Best way to parse email recipient lists?

Hey all,

So... I'm trying to parse email recipient lists (entered by hand into
the "to", "cc" and "bcc" fields of a mail app by users).

These can obviously come in a wild variety of formats, and I'd like to
support as many as possible.

The other gotcha - is that I'd like to keep as much name metadata
available as possible.

Using TMail's parser - I was under the impression that the name portion
in the "to", "cc", "bcc" fields gets stripped, down to an array of email
addresses. (i.e. otherwise we could use just TMail - please let me know
if this is incorrect or if there's a work around)

Here are a few example scenarios (from relatively easy to a little
harder):
raw.uncooked@sushi.co.jp
mr.techie+nospam@gmail.com
<raw@hotmail.com>
"Bob Smith" <bob@smith.org>
Bob Smith <bob@smith.org>
"Jones, Craig" <craig.jones@corp.com>
"Summer Thomas" <sum49@aol.com>; "Al Franken" <al@dnc.org>
"Clinton, Bill" <bill@whitehouse.gov>; "Obama, Barack"
<barack@senate.gov>; "Jenny McCarthy" <jenny@spike.com>
Bob <bob@accounting.com>, <jessica@email.com>, James Blunt
<james@blunt.org>

etc...

Any ideas?

I've been working up RegEx's like crazy but my RegEx foo isn't quite
what it used to be. Are there any shortcuts, or do I need one big RegEx
many specific ones to match the various scenarios?

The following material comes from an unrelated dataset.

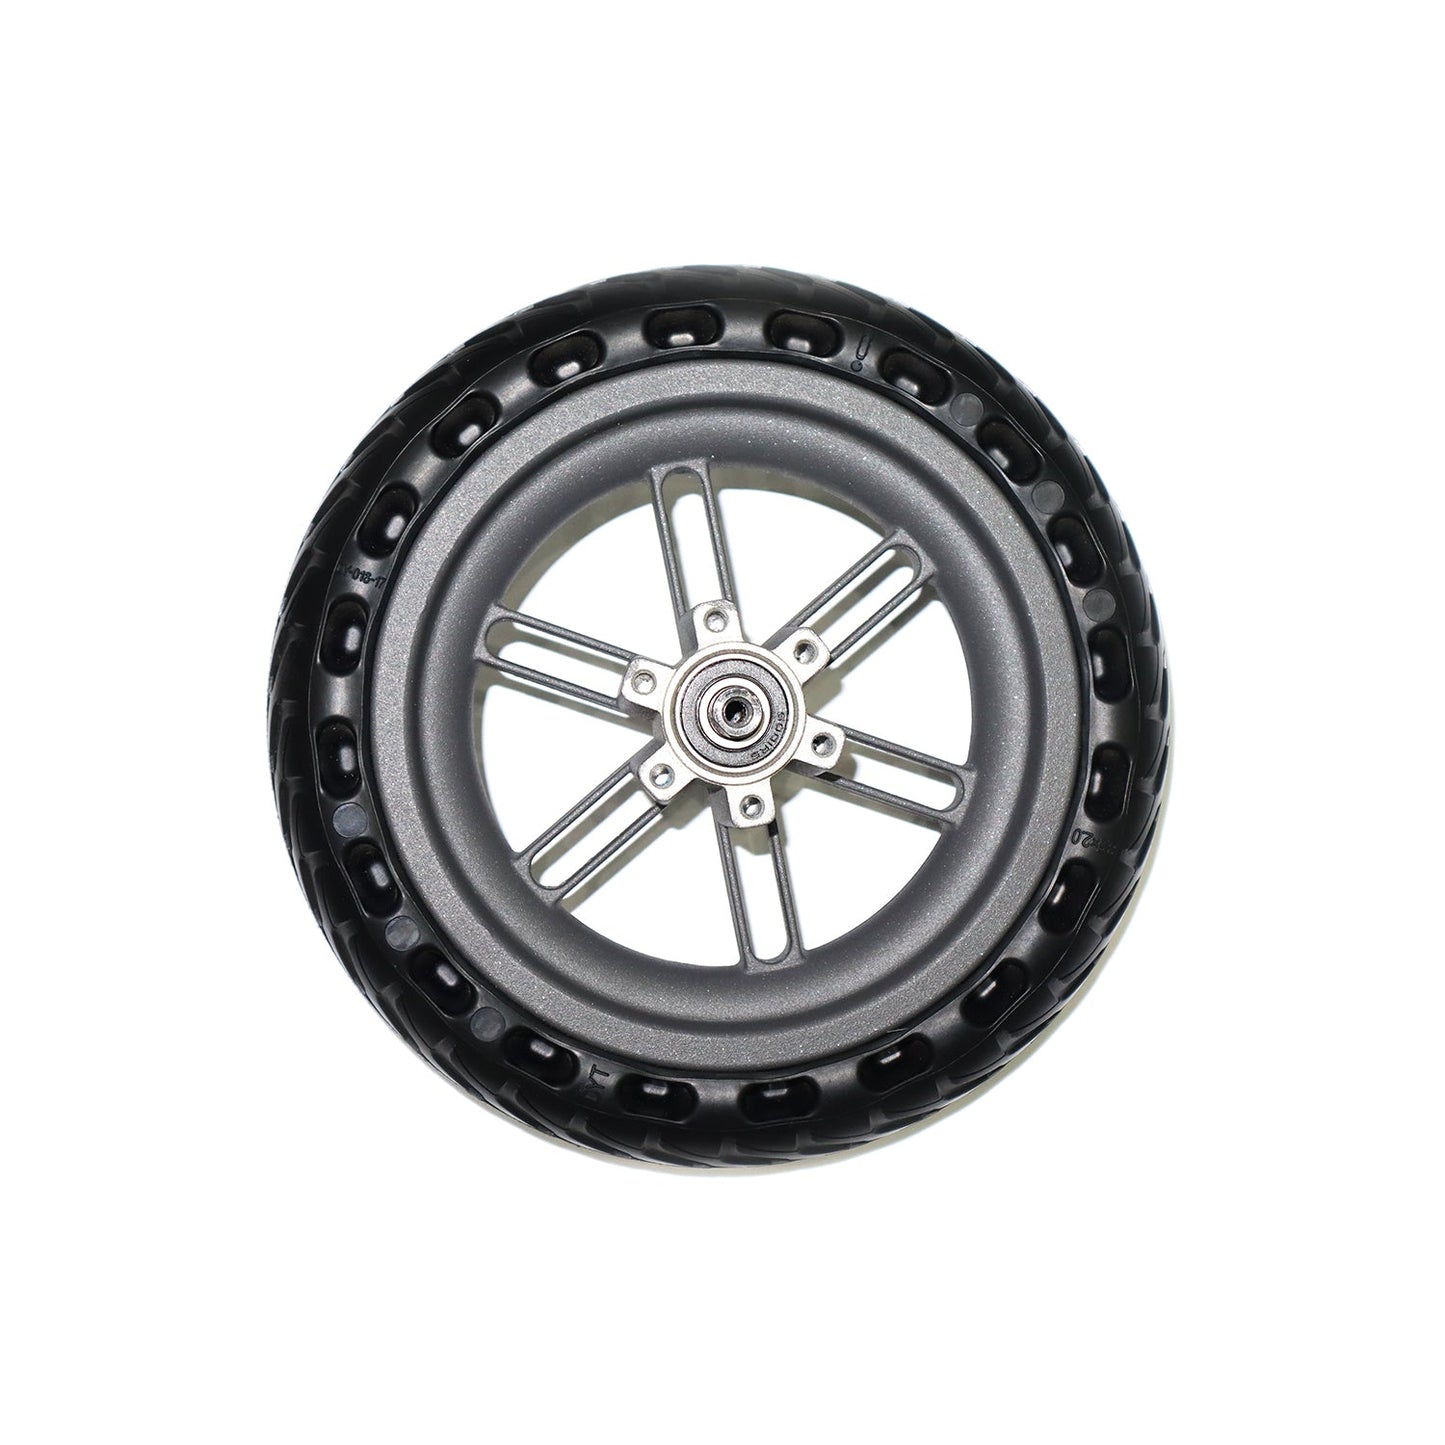 Hiboy S2/KS4 Rear Wheel

We're currently using this RegEx to detect when we have a single
properly formatted address (w/o a name attached):
http://tfletcher.com/lib/rfc822.rb
...but that's only one small portion of the problem.

- Shanti

···

--
Posted via http://www.ruby-forum.com/.

Shanti,

Try:

/(\W?([\w\s]+)\W+)?(\w[\w\+\-\.]+@[\w\-\.]+)\W?/i
(with "+" signs in mailbox (like user+nospam@domain.com), which are
invalid)

/(\W?([\w\s]+)\W+)?(\w[\w\\-\.]+@[\w\-\.]+)\W?/i
(without "+" signs)

These should break the addresses down into arrays of matches that you
can parse into:
display name
mailbox
domain

Let me know if this doesn't pass the tests. Better yet, send me a unit
test and i'll make it work. :slight_smile:

also: http://www.zenspider.com/Languages/Ruby/QuickRef.html#11

Michael Fleet
Disinnovate
http://www.disinnovate.com/

···

--
Posted via http://www.ruby-forum.com/.

Hey all,

So... I'm trying to parse email recipient lists (entered by hand into
the "to", "cc" and "bcc" fields of a mail app by users).

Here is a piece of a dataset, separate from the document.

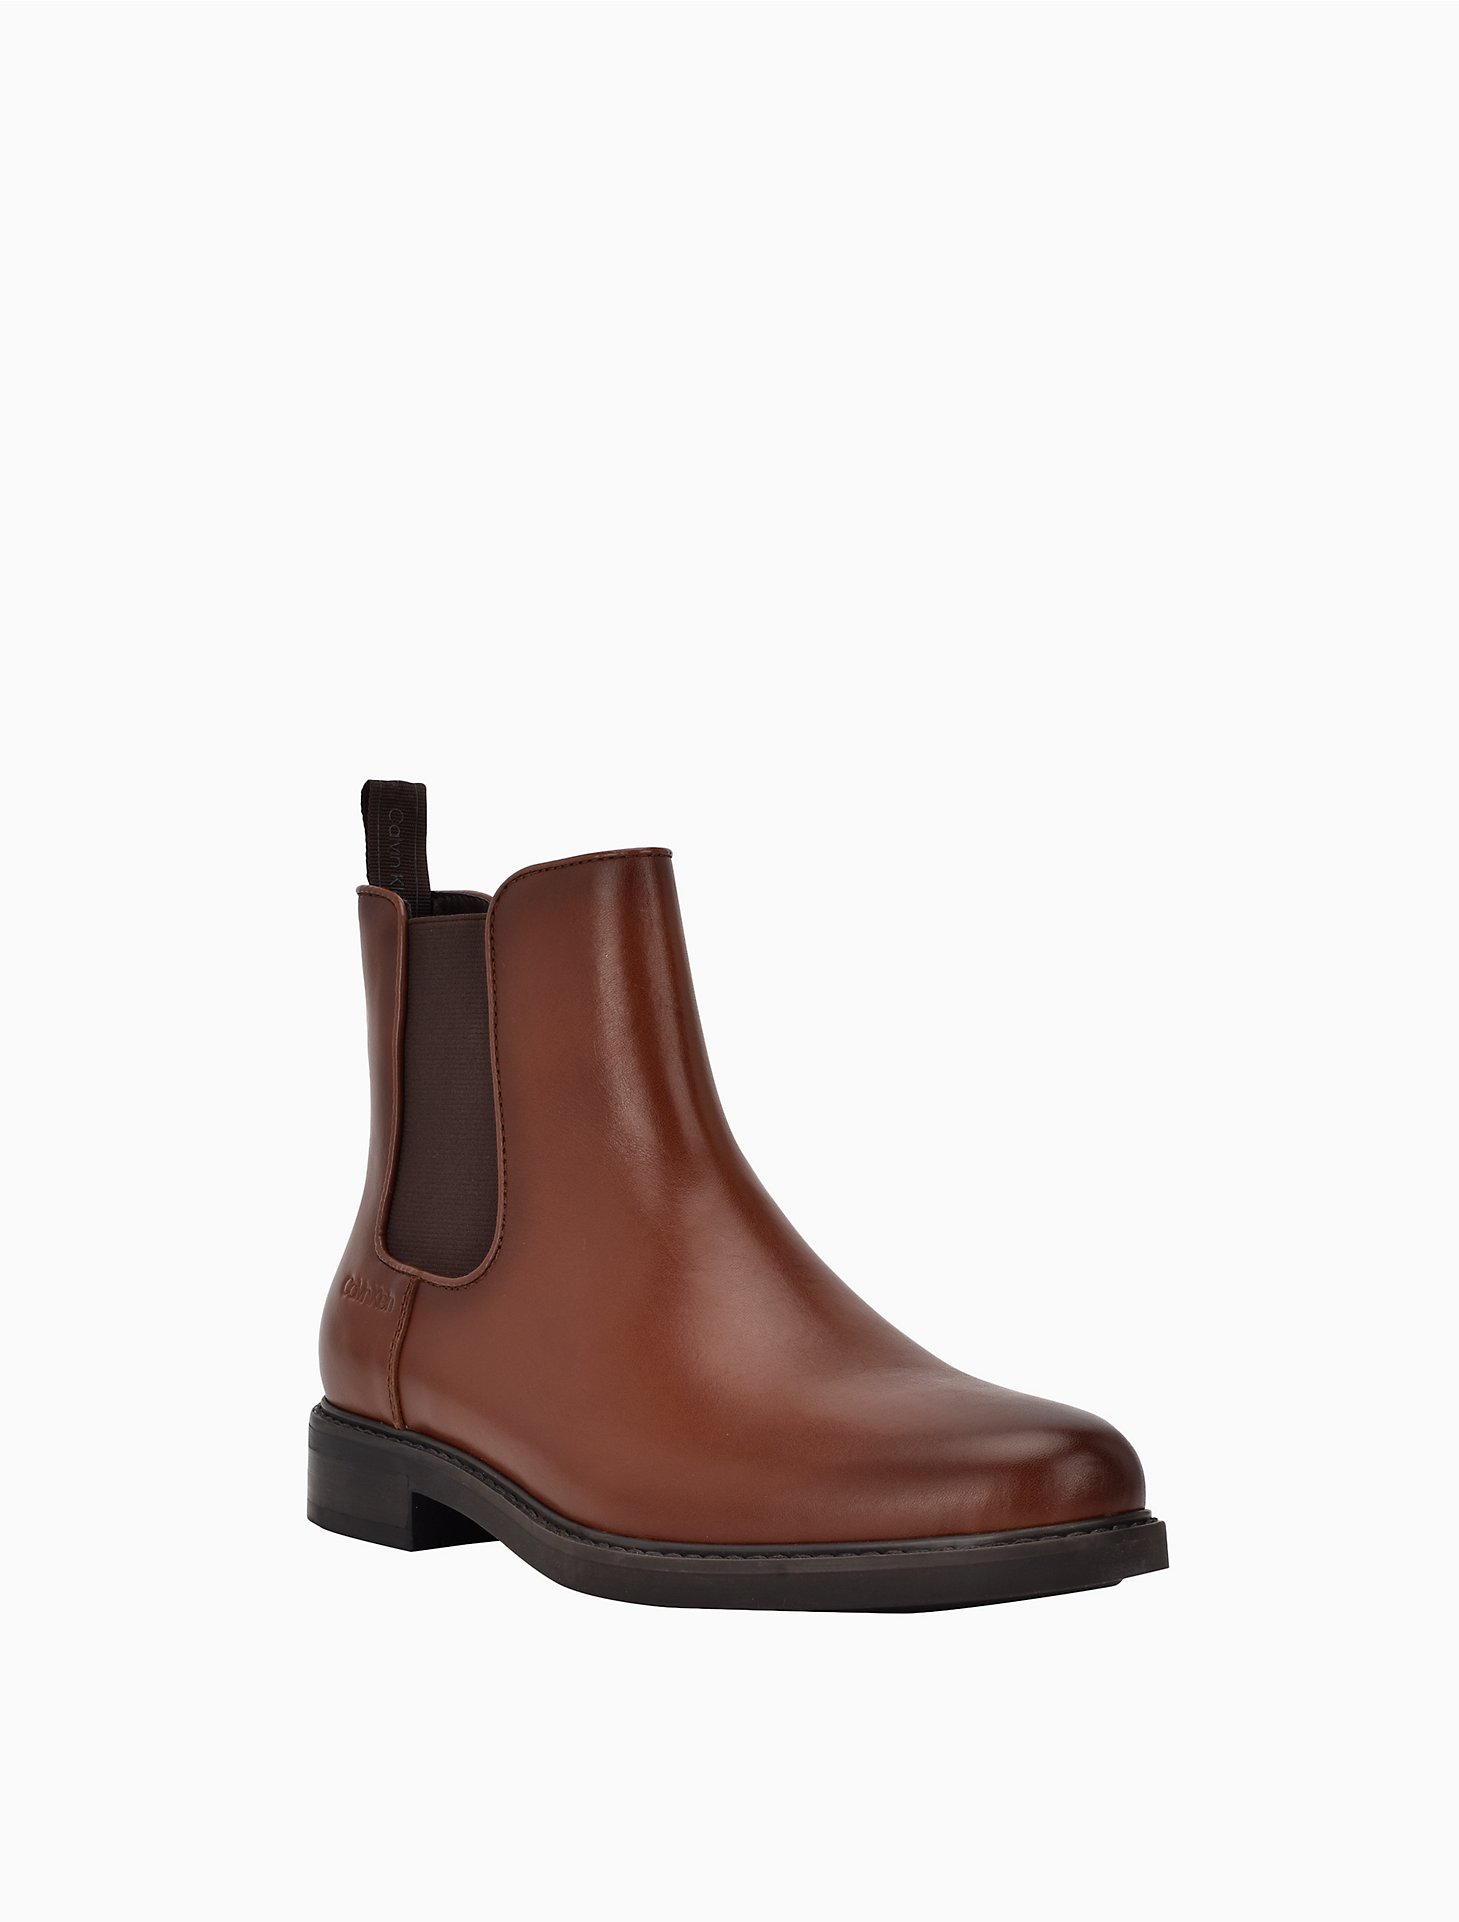 Descubrir 38+ imagen calvin klein brown leather boots

These can obviously come in a wild variety of formats, and I'd like to
support as many as possible.

The other gotcha - is that I'd like to keep as much name metadata
available as possible.

Using TMail's parser - I was under the impression that the name portion
in the "to", "cc", "bcc" fields gets stripped, down to an array of email
addresses. (i.e. otherwise we could use just TMail - please let me know
if this is incorrect or if there's a work around)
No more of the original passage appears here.